На выходе со станции метро «Держпром» вы видите первый проект советской площади. Это самая конструктивистская площадь на территории СССР и единственное общественное пространство, напоминающее о первом, наиболее открытом интернационалистском и космополитичном десятилетии его существования. Первое, что обращает на себя внимание, – это не только масштаб площади, но и ее весьма своеобразная пространственная неопределенность. Она действительно разделена надвое; первая часть, осматривать которую лучше с дальнего края, где площадь смыкается с в общем-то нормальных размеров проспектом, сравнительно обычная, даже при том, что замощенная ширь меж двух гигантских неоклассицистских зданий эпохи расцвета сталинизма напоминает то ли проезжую часть, то ли публичное пространство. После первого потрясения от размеров, вторая существенная составляющая кажется более прозаичной – это памятник Ленину, одна из бесчисленных статуй, производство которых было поставлено на поток. Таких монументов в каждом советском городе было, как правило, несколько; у этого по крайней мере есть одно достоинство – он сменил здесь Сталина.

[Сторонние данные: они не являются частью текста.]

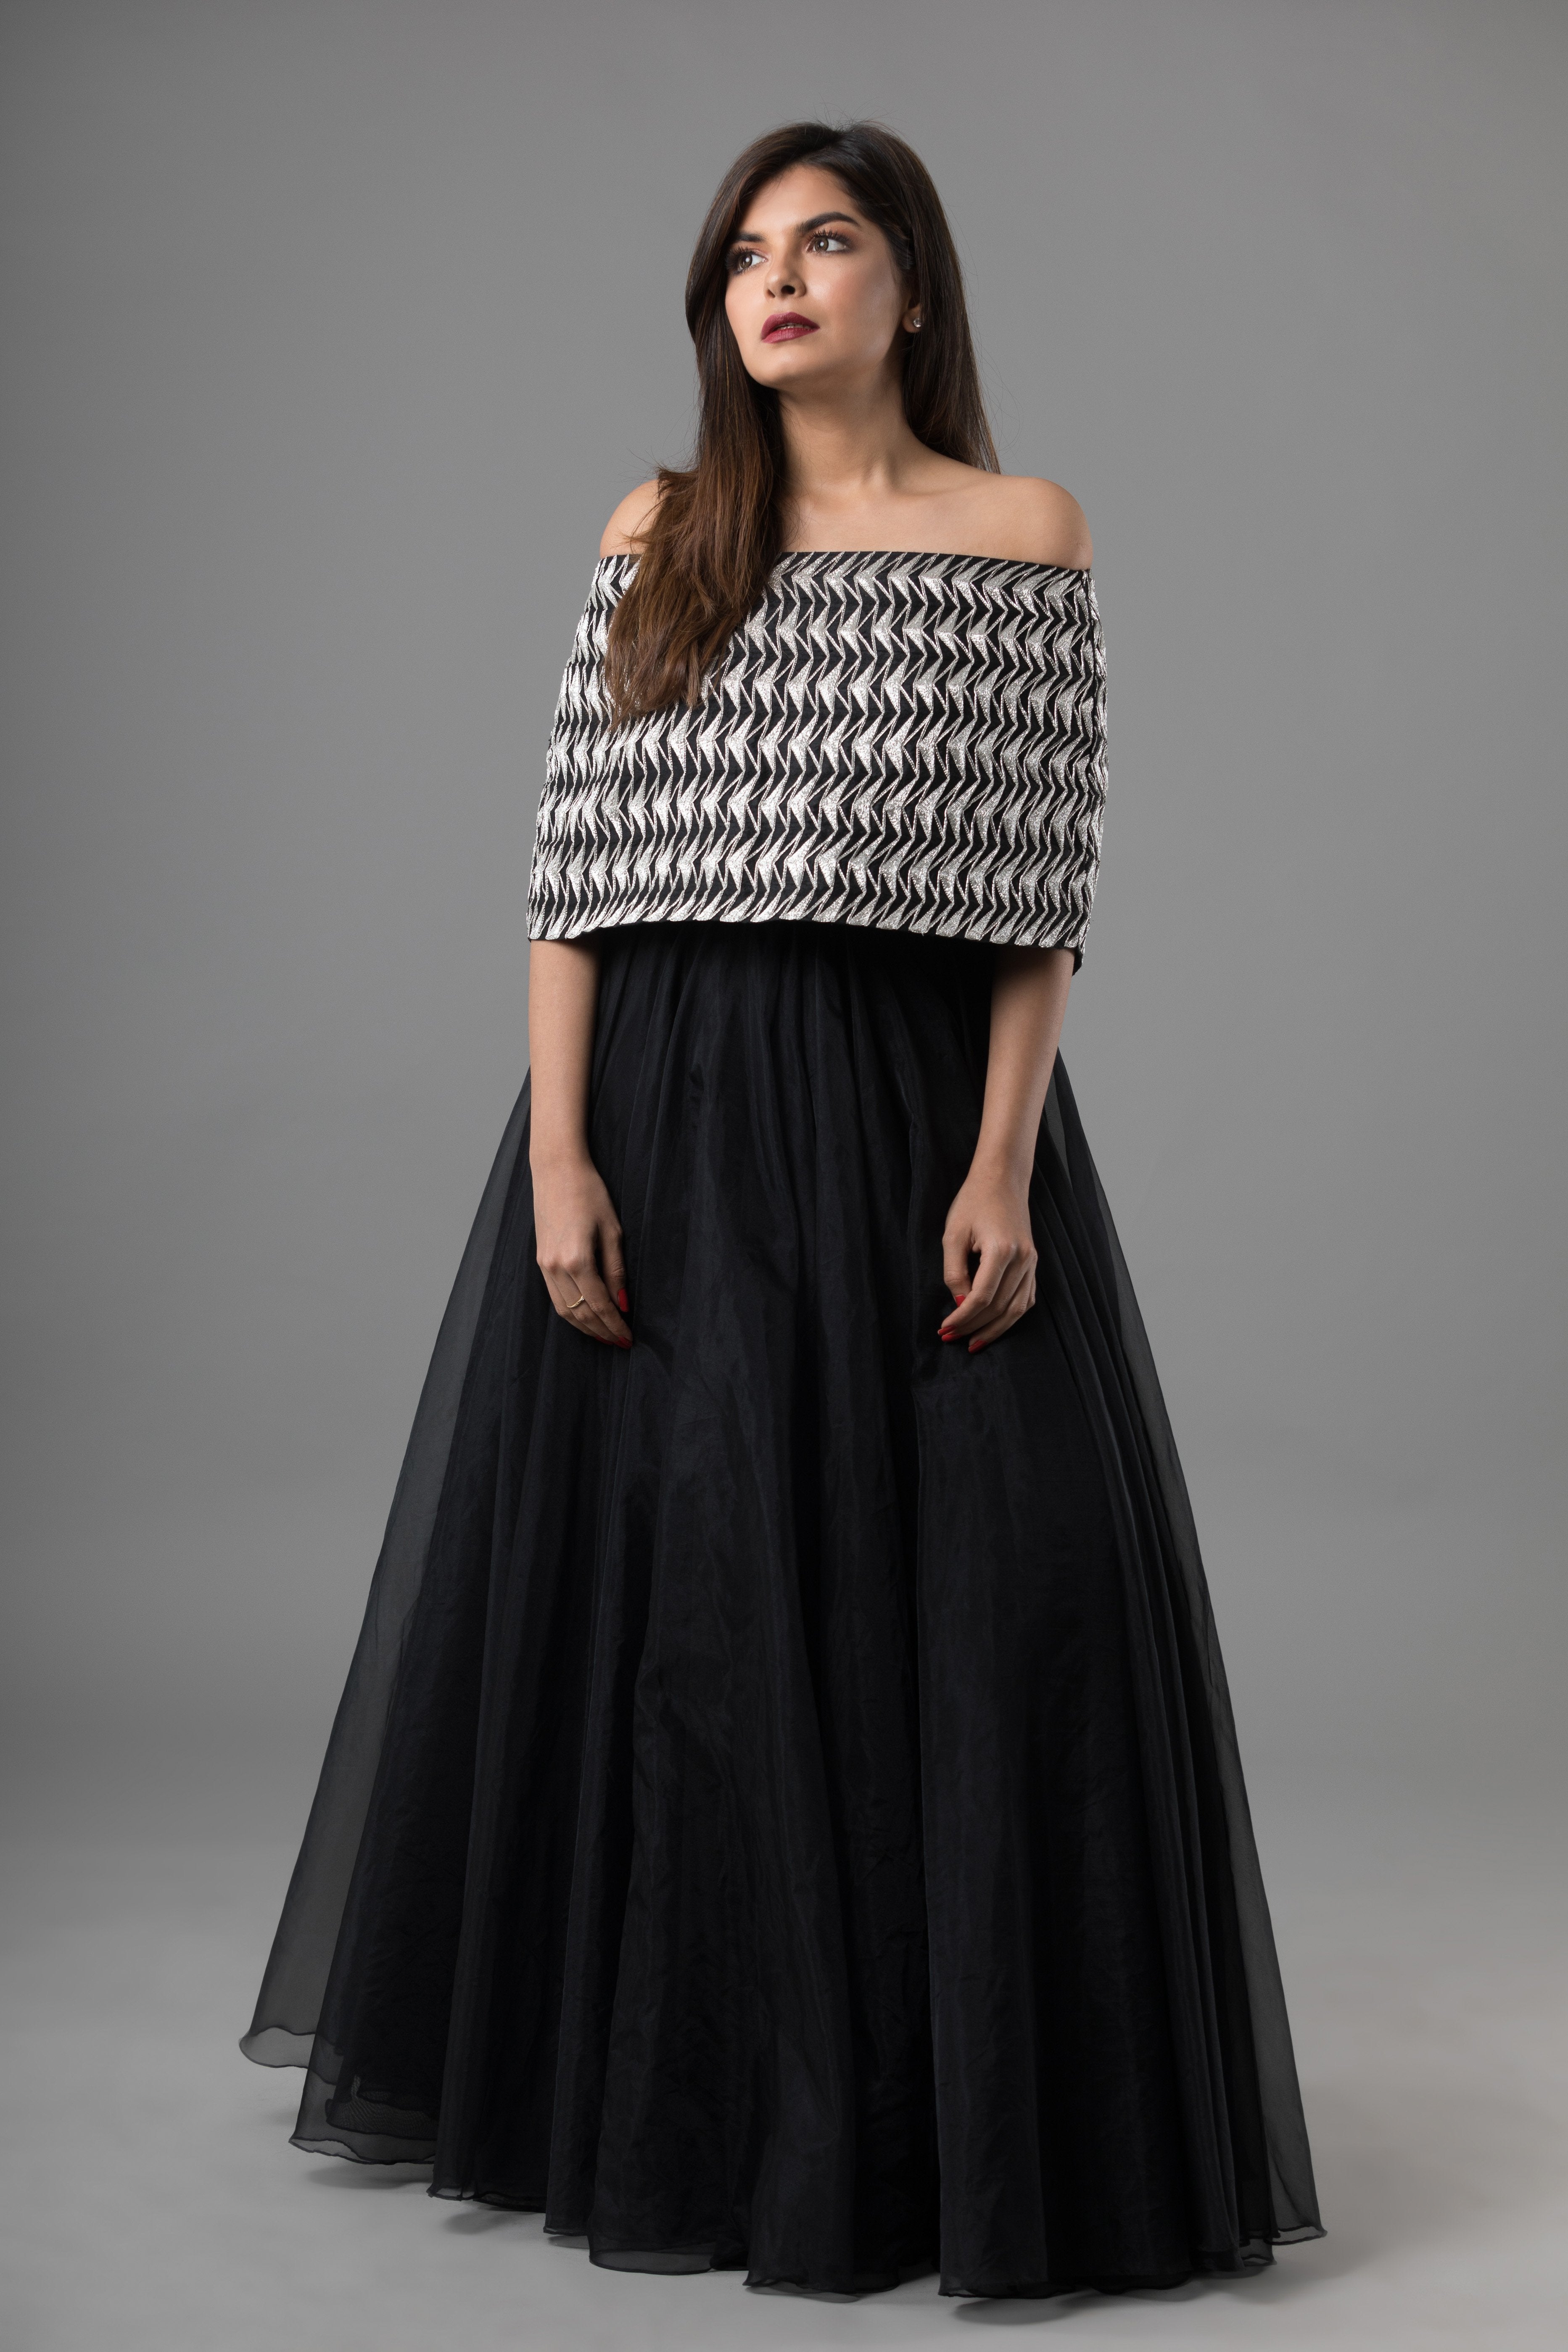 Sanjhana Reddy - Black Embroidered Cape & Black Organza Skirt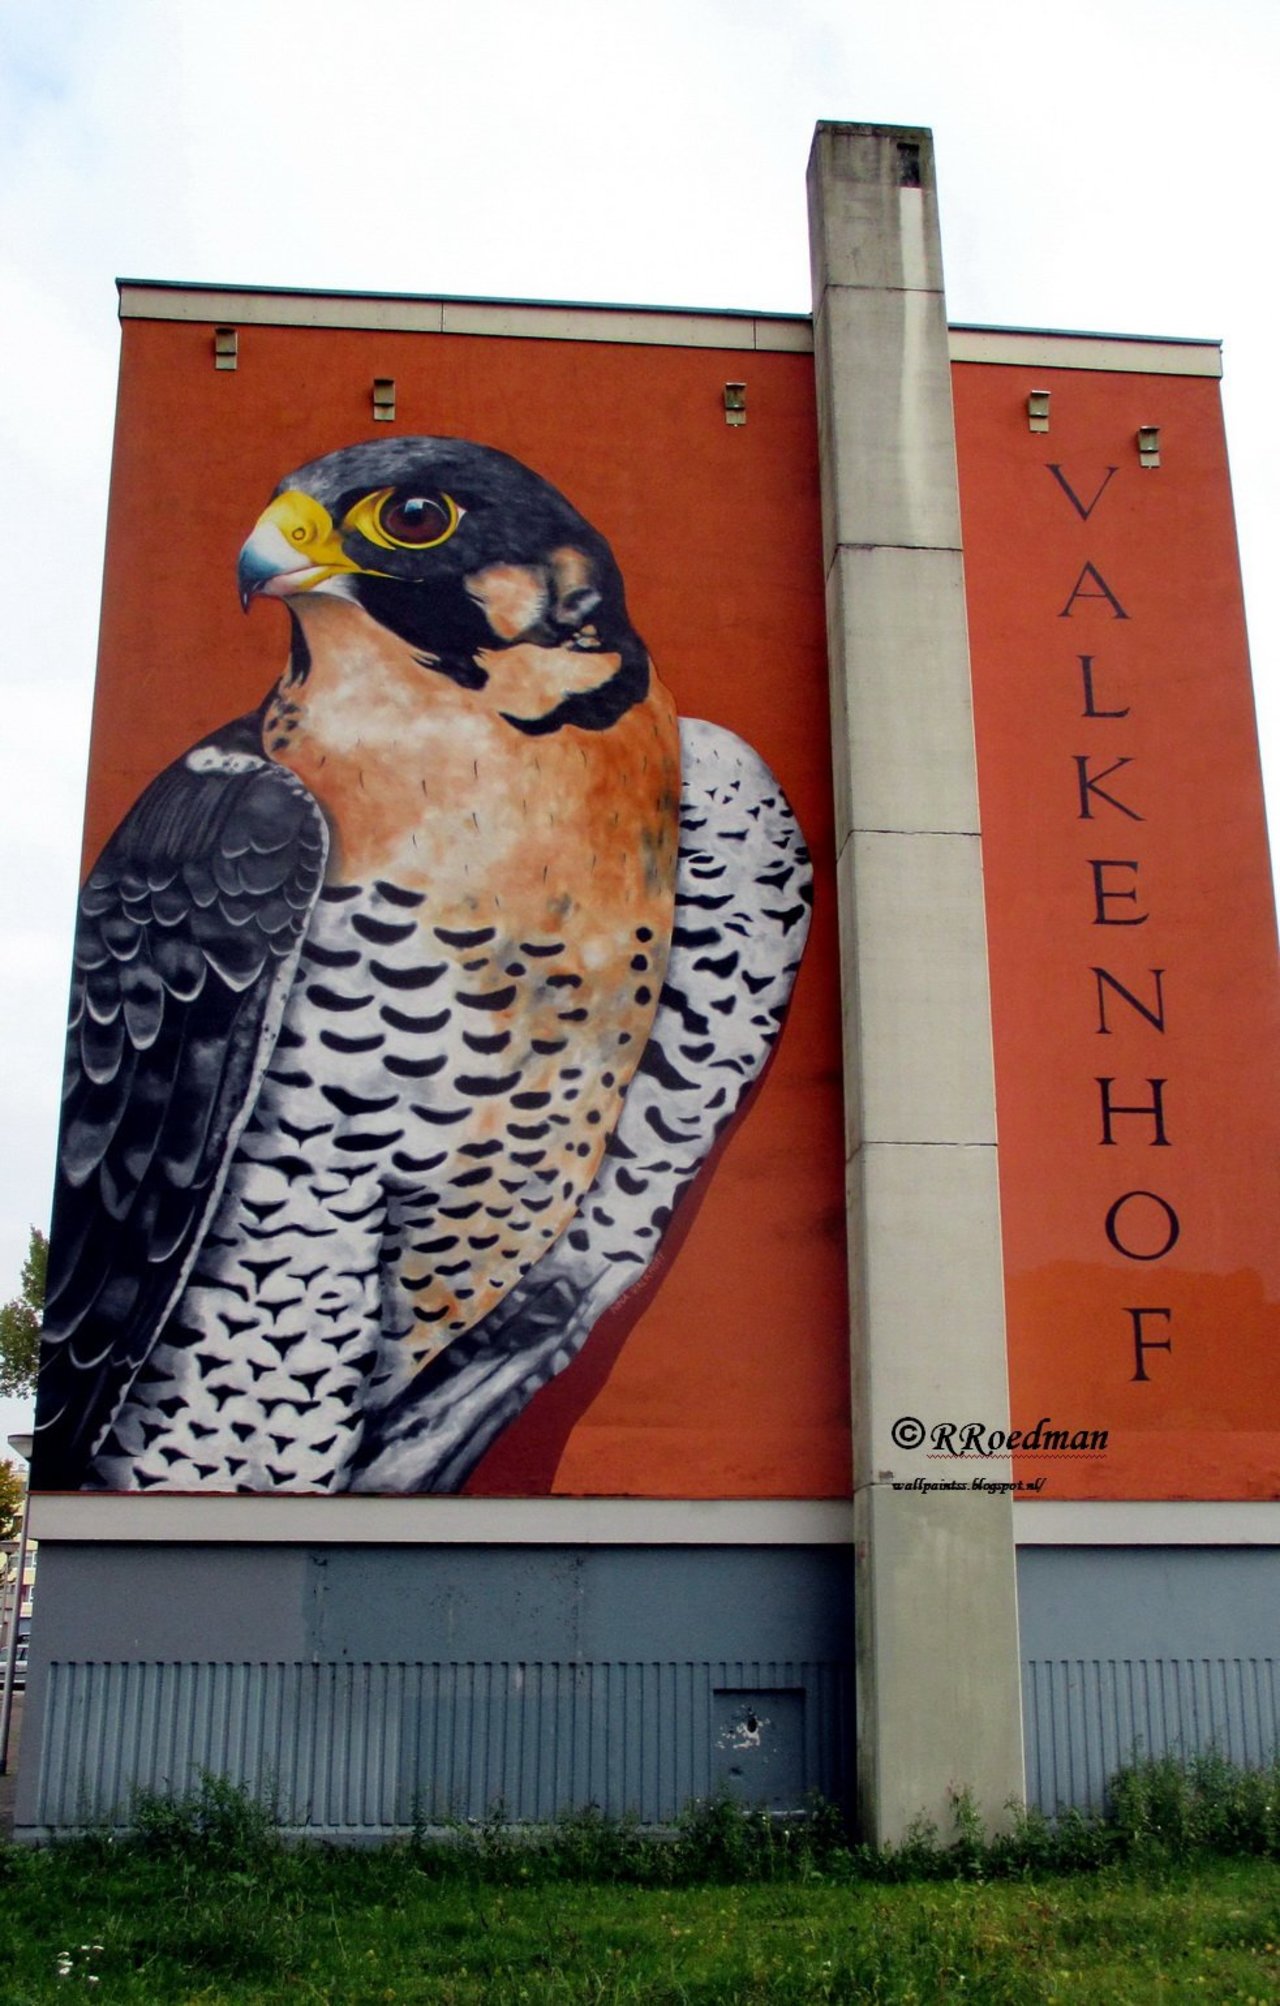 #streetart #graffiti #mural falcon in  #CapelleAanDenIJssel  #netherlands ,2 pics at http://wallpaintss.blogspot.nl https://t.co/eVvY57fmT3

Харьков – один из нескольких украинских городов, принимающих Чемпионат Европы по футболу 2012 года. В рекламном ролике 2011 года площадь показана без центральной фигуры, чтобы не дай бог не огорчить УЕФА, западных туристов и прочих. В другом городе памятник уже давно бы снесли, но харьковский стоит. Помимо возвышающегося как небоскреб из комикса про Супермена постамента – эта, как и большинство ленинских статуй, предполагает под пиджаком тело скорее чемпиона по борьбе, нежели странствующего интеллектуала – прежде всего поражает его поза. Рука простерта к стоящим за ним высоткам, и жест этот как будто говорит: «Смотрите, что я построил!» За памятником Ленину сквер, разбитый уже так давно, что зелень стала пышной, а деревья разрослись. Здесь прямоугольные башни из стекла и бетона, соединенные подвесными галереями, встают полукругом и с определенной точки смотрятся симметрично, с любой другой точки складываясь в беспорядочный силуэт большого города. Это и есть Держпром (по-украински) или Госпром (по-русски).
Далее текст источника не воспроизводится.